Unexpectedly, they found that the lost pieces of tissue were repairing their wounds and that their immune cells were springing into action.
The tentacles – which showed no signs of rot – even responded to tactile stimuli, suggesting the preservation of the animal’s neural network.
The researchers realised that these slivers of sea cucumber were feeding off the organic material in the water, despite having no mouth or digestive system.
They were even soaking up the amino acids – which cells string together to form proteins – in the seawater.
And they were still doing it three years later, long after the study had wrapped up, the team discovered.
The researchers said that this is the first time a tissue sample has survived and thrived in a natural setting.
‘Our findings challenge conventional perceptions of tissue immortality,’ they concluded.
Why is this a big deal?
Immortal cells are nothing new – scientists have made them using animal and human stem cells, which are blank canvases that all tissues and organs in your body are created from.

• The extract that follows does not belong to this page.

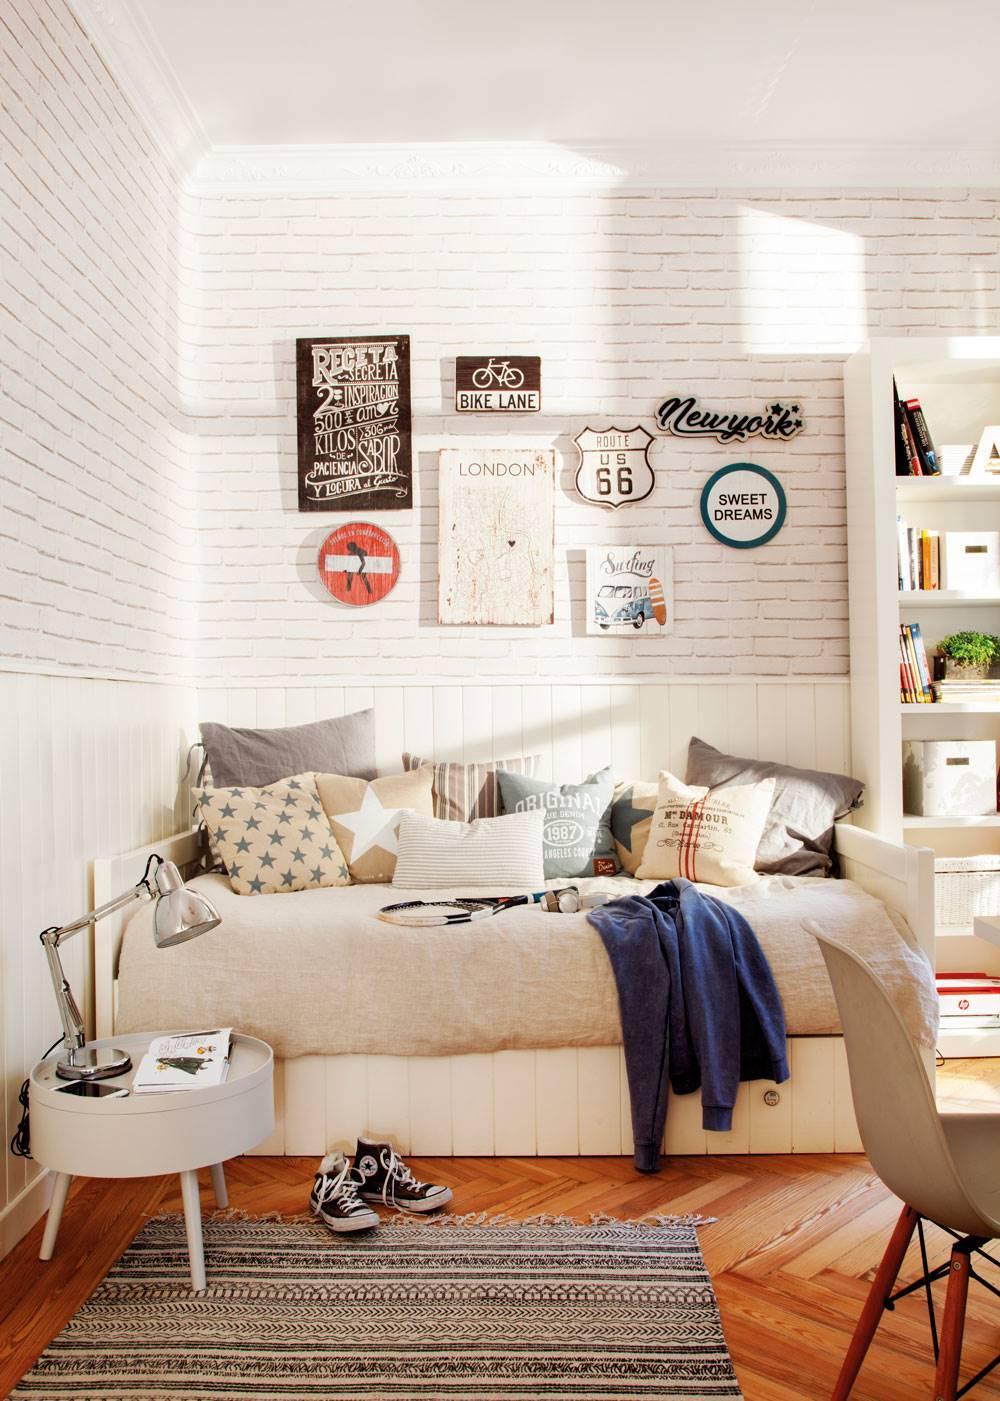 60 Papeles Pintados Para Decorar Y Sumar Calidez A Tu Casa

But these cells can only be kept alive in highly controlled and clean environments. Keeping cells inside a tissue section is even harder.
Yet the researchers found a slab of Scarlet sea cucumber could live ‘indefinitely’ in dirty seawater.
This species even seems to be unique compared to other sea cucumbers, whose appendages usually decay within three or so months.
Sipler added: ‘Here is this species that has this groundbreaking ability, and we had no idea.
‘It’s a reminder of how much is yet to be discovered in the marine environment and how important it is to protect these resources that may hold really valuable knowledge for us.’